In [2]:
import census_api_util as api
from sqlalchemy import create_engine
import dbconfig
import pandas as pd
#test query_census_api function
In [3]:
engine = create_engine('postgresql://{conf.user}:{conf.password}@{conf.host}:5432/{conf.database}'.format(conf=dbconfig))
Look up columns for all tracts/block groups from 2010 decimal census (bunched in groups of 20 due to api quatas)
In [4]:
census_20 = api.query_census_api('census',39, '061','*','*',['H0030001', 'H0030002', 'H0030003', 'H0040002', 'H0040004', 'H0050002', 'H0060002', 'H0060003', 'H0060004', 'H0060005', 'H0060006', 'H0060007', 'H0060008', 'H0100001', 'H0130002', 'H0130003', 'H0130004', 'H0130005', 'H0130006', 'H0130007'], 2010, 'a6e317918af5d4097d792cabd992f41f2691b75e', verbose=True)
census_40 = api.query_census_api('census',39, '061','*','*',['H0130008', 'H0140002', 'H0140003', 'H0140004', 'H0140005', 'H0140006', 'H0140007', 'H0140008', 'H0140009', 'H0140010', 'H0140011', 'H0140012', 'H0140013', 'H0140014', 'H0140015', 'H0140016', 'H0140017', 'H0150001', 'H0150002', 'H0150003'], 2010, 'a6e317918af5d4097d792cabd992f41f2691b75e', verbose=True)

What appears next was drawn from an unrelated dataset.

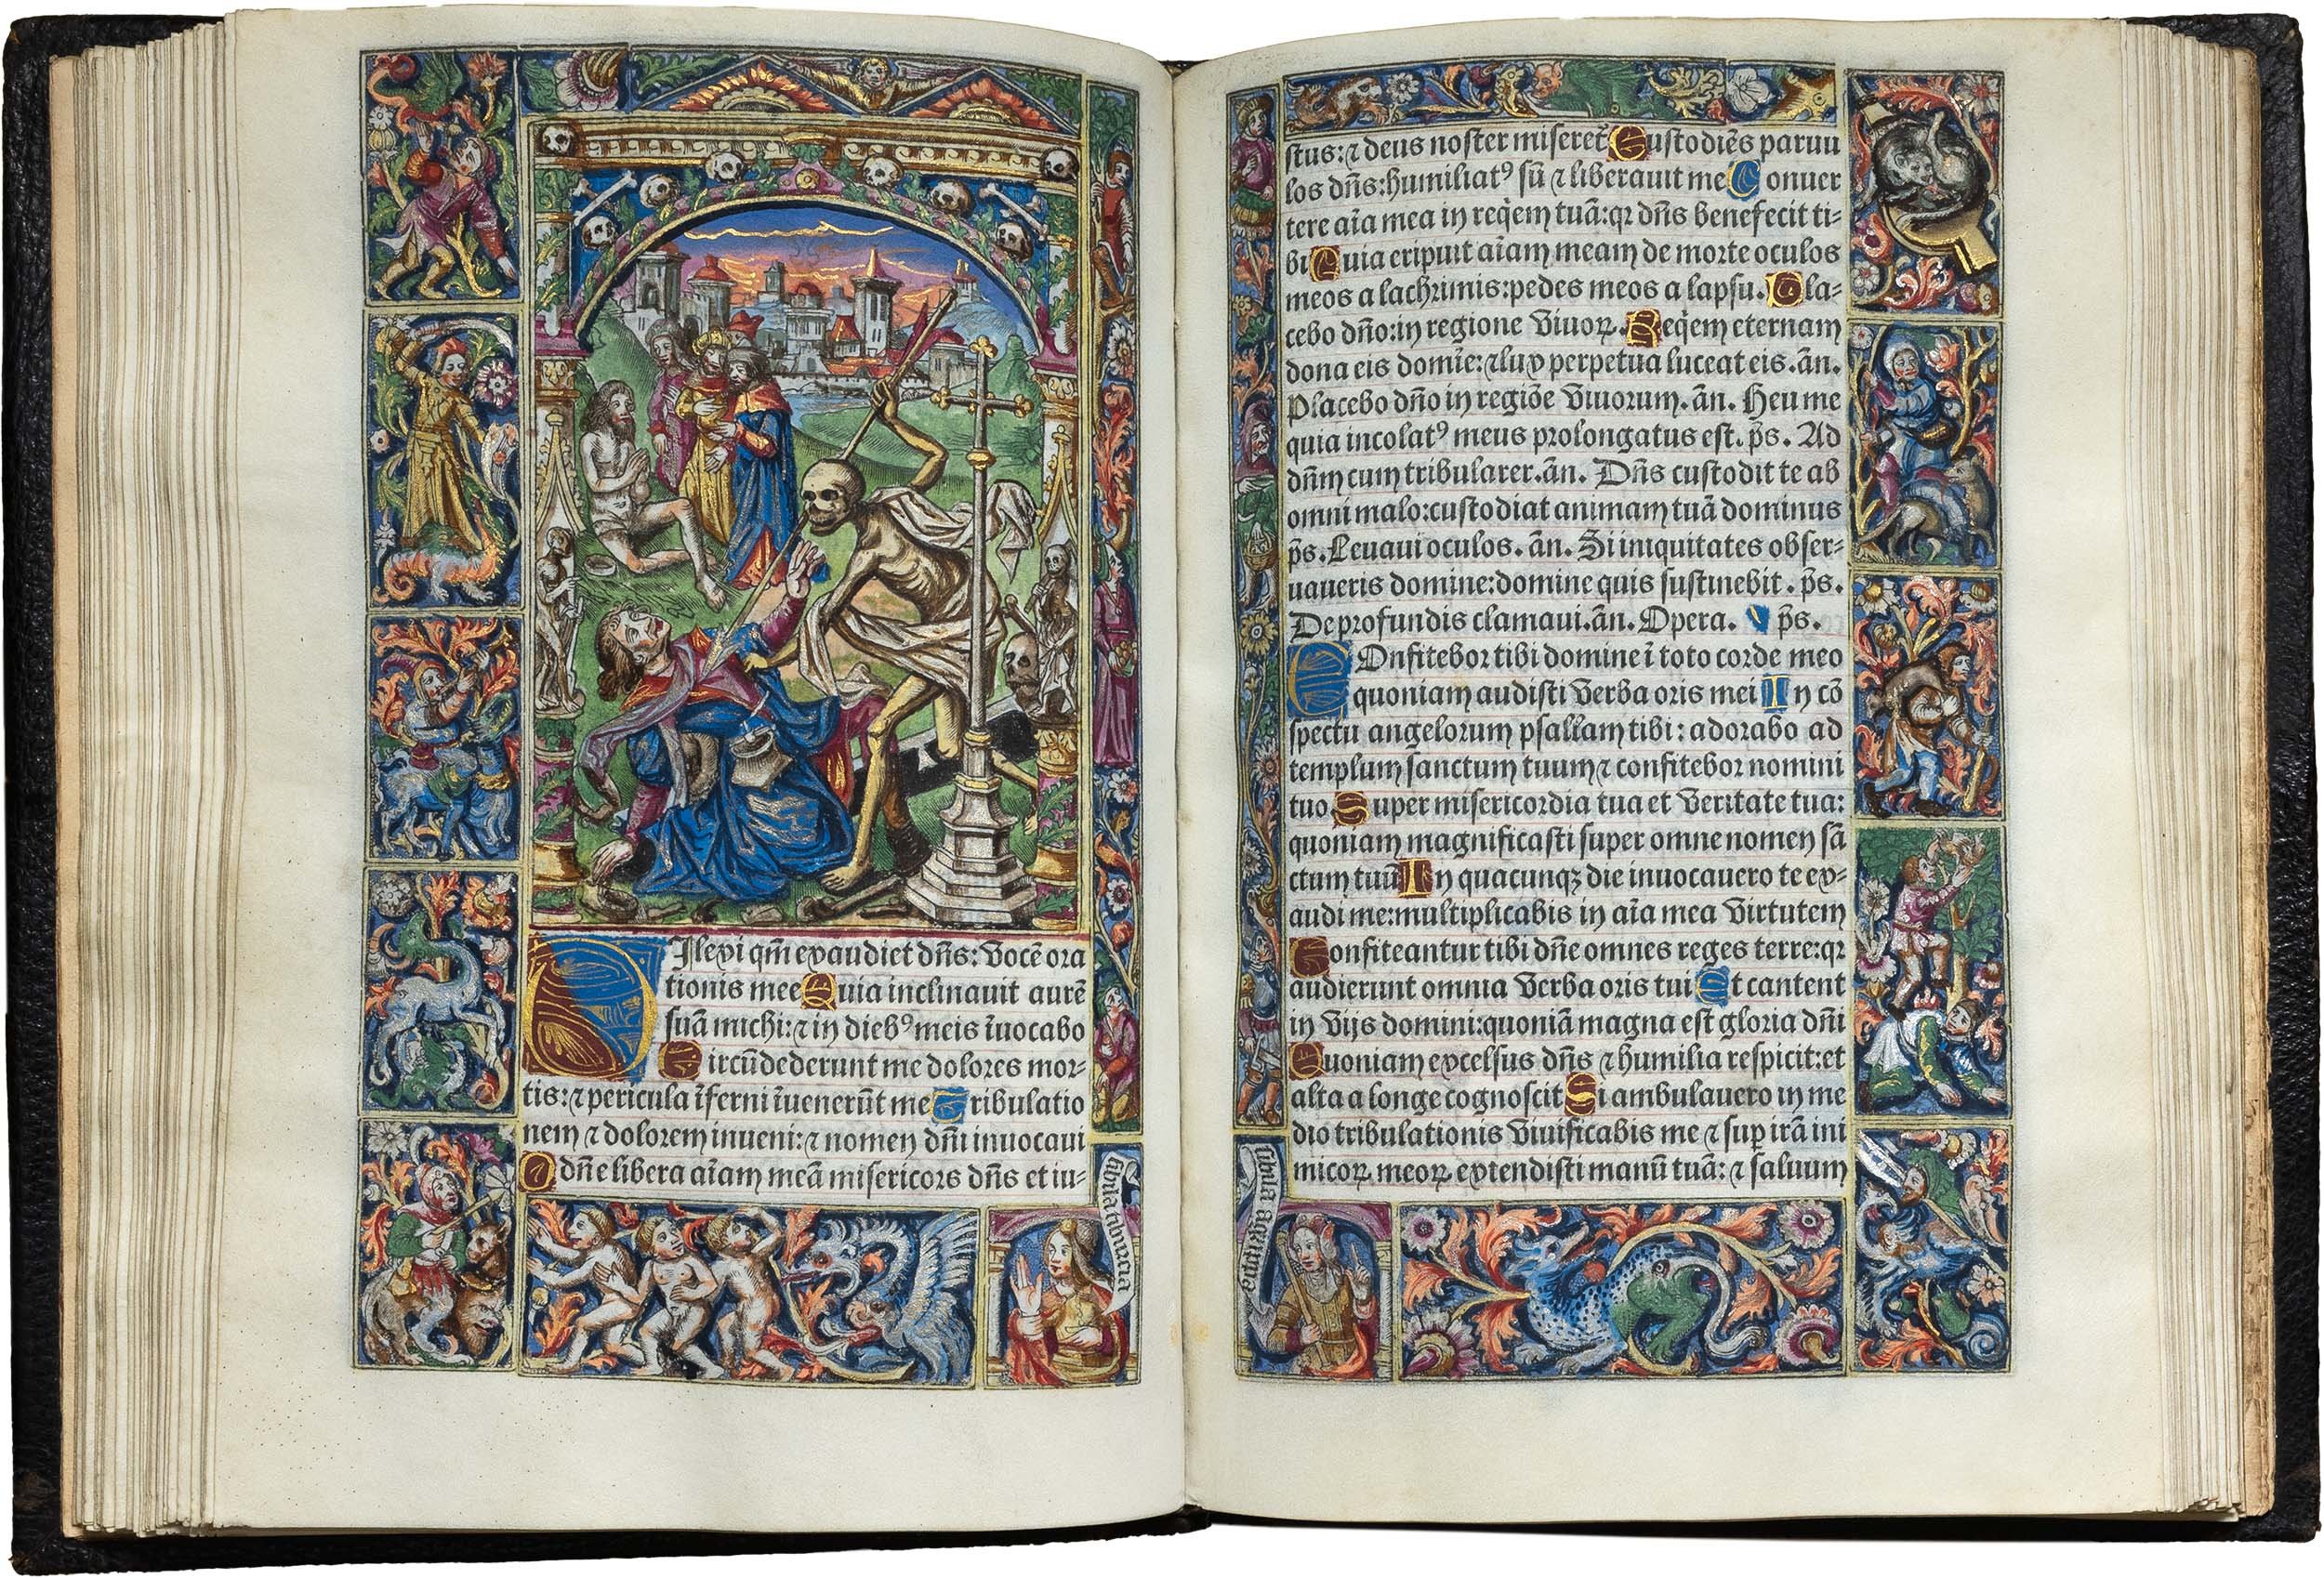 Printed-Book-of-Hours-10-january-1503-horae-bmv-kerver-remacle-illuminated-vellum-copy-schönborn-buchheim-50.jpg

census_60 = api.query_census_api('census',39, '061','*','*',['H0150004', 'H0150005', 'H0150006', 'H0150007', 'H0190003', 'H0190004', 'H0190005', 'H0190006', 'H0190007', 'H0200002', 'H0200003', 'P0010001', 'P0030002', 'P0030003', 'P0030004', 'P0030005', 'P0030006', 'P0030007', 'P0030008', 'P0110001'], 2010, 'a6e317918af5d4097d792cabd992f41f2691b75e', verbose=True)
census_80 = api.query_census_api('census',39, '061','*','*',['P0120003', 'P0120004', 'P0120005', 'P0120006', 'P0120007', 'P0120008', 'P0120009', 'P0120010', 'P0120011', 'P0120012', 'P0120013', 'P0120014', 'P0120015', 'P0120016', 'P0120017', 'P0120018', 'P0120019', 'P0120020', 'P0120021', 'P0120022'], 2010, 'a6e317918af5d4097d792cabd992f41f2691b75e', verbose=True)
census_100 = api.query_census_api('census',39, '061','*','*',['P0120023', 'P0120024', 'P0120025', 'P0120026', 'P0120027', 'P0120028', 'P0120029', 'P0120030', 'P0120031', 'P0120032', 'P0120033', 'P0120034', 'P0120035', 'P0120036', 'P0120037', 'P0120038', 'P0120039', 'P0120040', 'P0120041', 'P0120042'], 2010, 'a6e317918af5d4097d792cabd992f41f2691b75e', verbose=True)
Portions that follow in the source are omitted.